A nuclear fusion start-up says it has hit temperatures of 37 million° Celsius at a “fraction of the complexity and cost” of its rivals.
Scientists at Zap Energy say they have “joined the rarefied ranks” to make a plasma that replicates the core of the Sun.
The extreme heat is needed to make parts of atoms fuse together – unleashing massive amounts of carbon-free energy, as the Sun does.
Funded by oil and gas giant Chevron and the Bill Gates-founded Breakthrough Energy, scientists at US company Zap are among many trying to make this work on Earth.
What they have not yet done is produced more energy than it costs to achieve the massive temperatures, a key milestone known as “energy gain”.
The first energy gain was reported by US scientists in 2022, raising hopes for fusion's potential as a near-limitless power source that could help tackle climate change.

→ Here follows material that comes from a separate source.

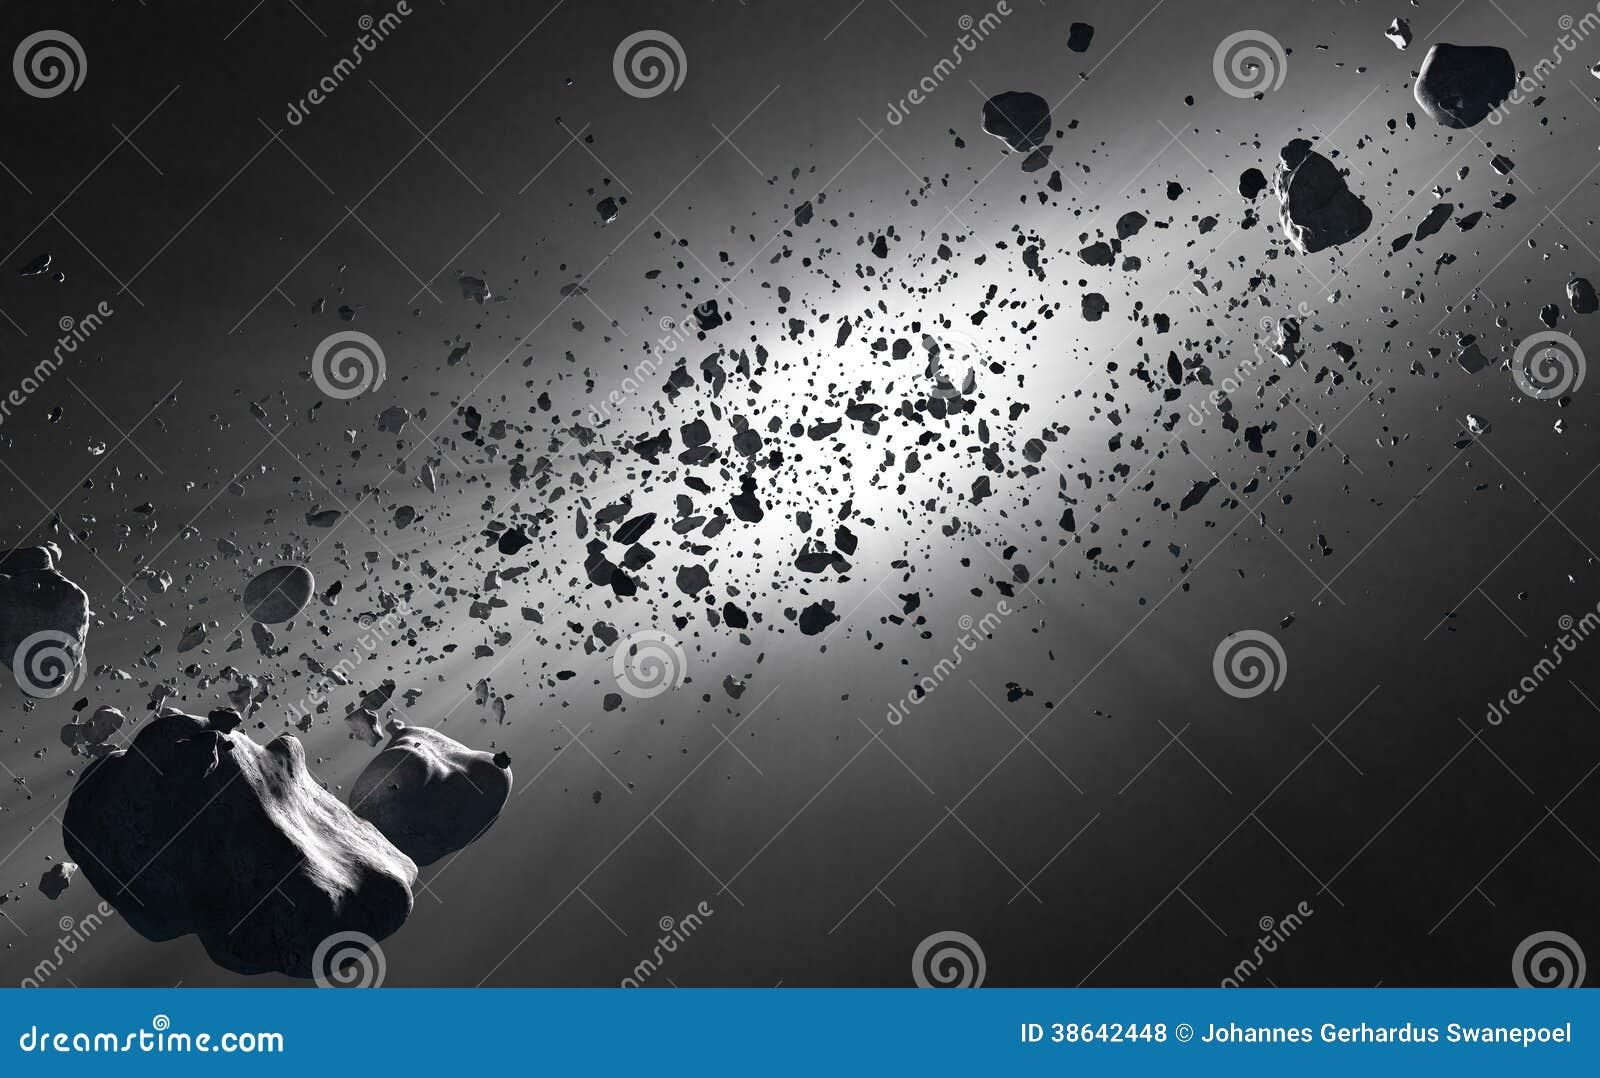 asteroid belt white background - photo #41

Zap's chief scientist Uri Shumlak said the company's tests “paint a good overall picture of a fusion plasma with room to scale towards energy gain”.

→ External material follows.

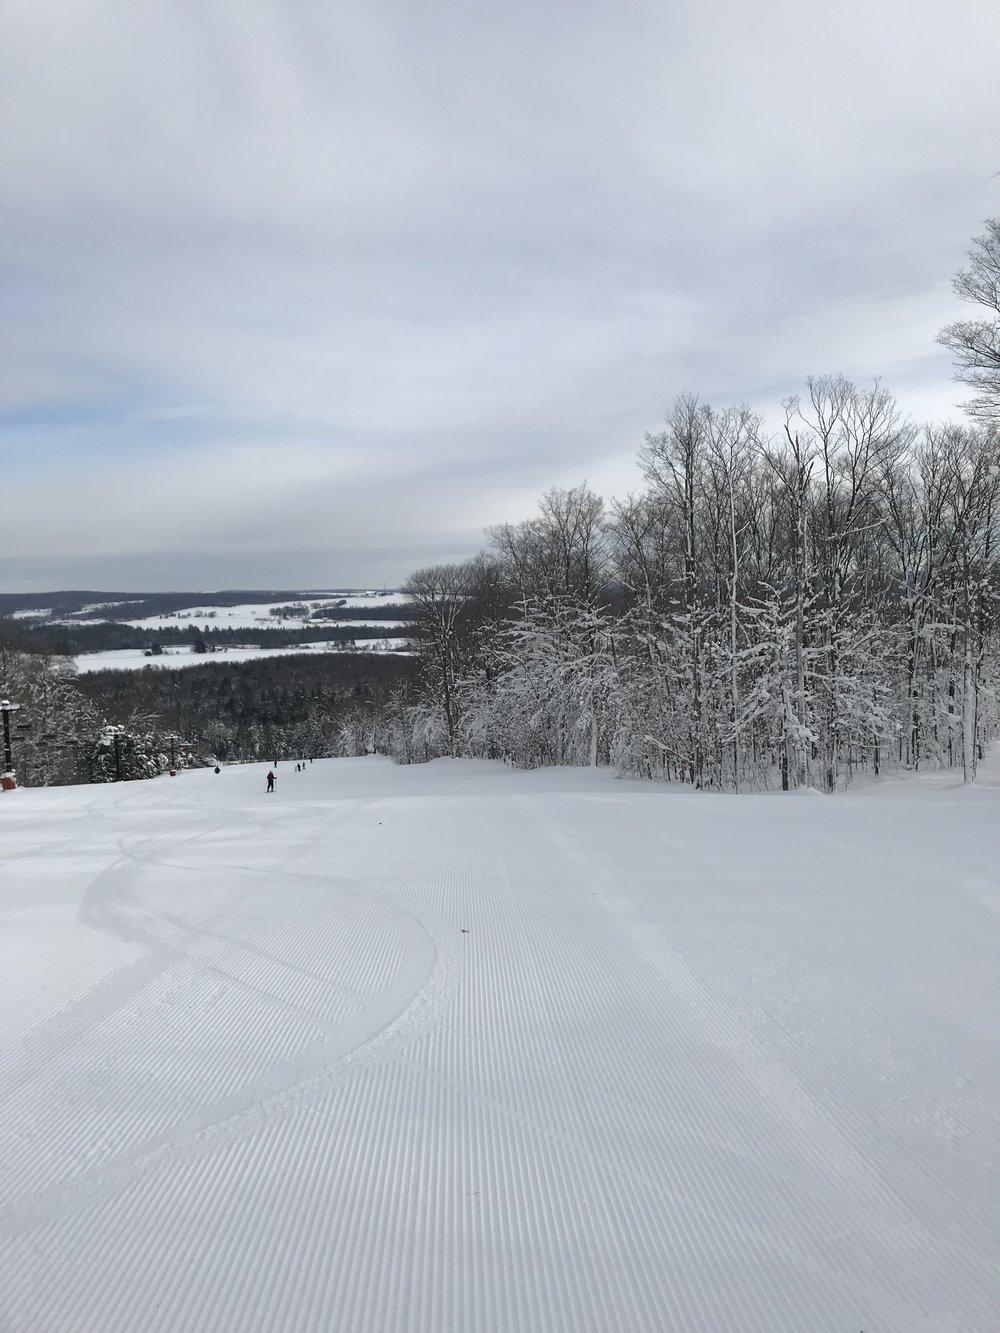 Ski_Peek n' Peak Resort_Credit_JenniferMerrick.JPG

The Zap device is based on a concept called a “Z pinch”, in which the intensely hot plasma is confined in a small space, only few metres wide and high.
Leading fusion research uses a much larger machine called a tokamak to trap the plasma in a magnetic cage.
In this “hot soup” of particles, parts of hydrogen atoms – readily available from water – would collide and produce millions of times more energy than burning oil or coal.
Compared to existing nuclear power plants, fusion wouldn't generate long-term radioactive waste requiring storage for thousands of years.
The Z pinch has previously stymied scientists because the plasma would quickly cool down as though there were ice cubes in the soup.
However, Zap Energy says it has mastered this problem with an experiment that lasted “long enough to produce very high temperatures” of between 11 million Celsius and 37 million Celsius.
The temperature at the Sun's core is about 15 million Celsius.
Ben Levitt, the company's head of research and development, said it had hit a “sweet spot where the temperature, density and lifetime of the Z pinch align”.
“These are meticulous, unequivocal measurements, yet made on a device of incredibly modest scale by traditional fusion standards,” he said.
“We’ve still got a lot of work ahead of us, but our performance to date has advanced to a point that we can now stand shoulder to shoulder with some of the world’s pre-eminent fusion devices, but with great efficiency, and at a fraction of the complexity and cost.”
Plans are afoot in the UK to get a prototype fusion plant up and running by 2040.
This means it is doubtful whether any fusion breakthrough would come in time to achieve the world's net zero goals by 2050.
However, proponents of fusion say it could be a long-term energy source beyond that date.
“It would be counter-intuitive if not outright silly to say we’ve reached the deadline in 2050 so now we don’t need it any more,” International Atomic Energy Agency Chief Rafael Grossi said last year.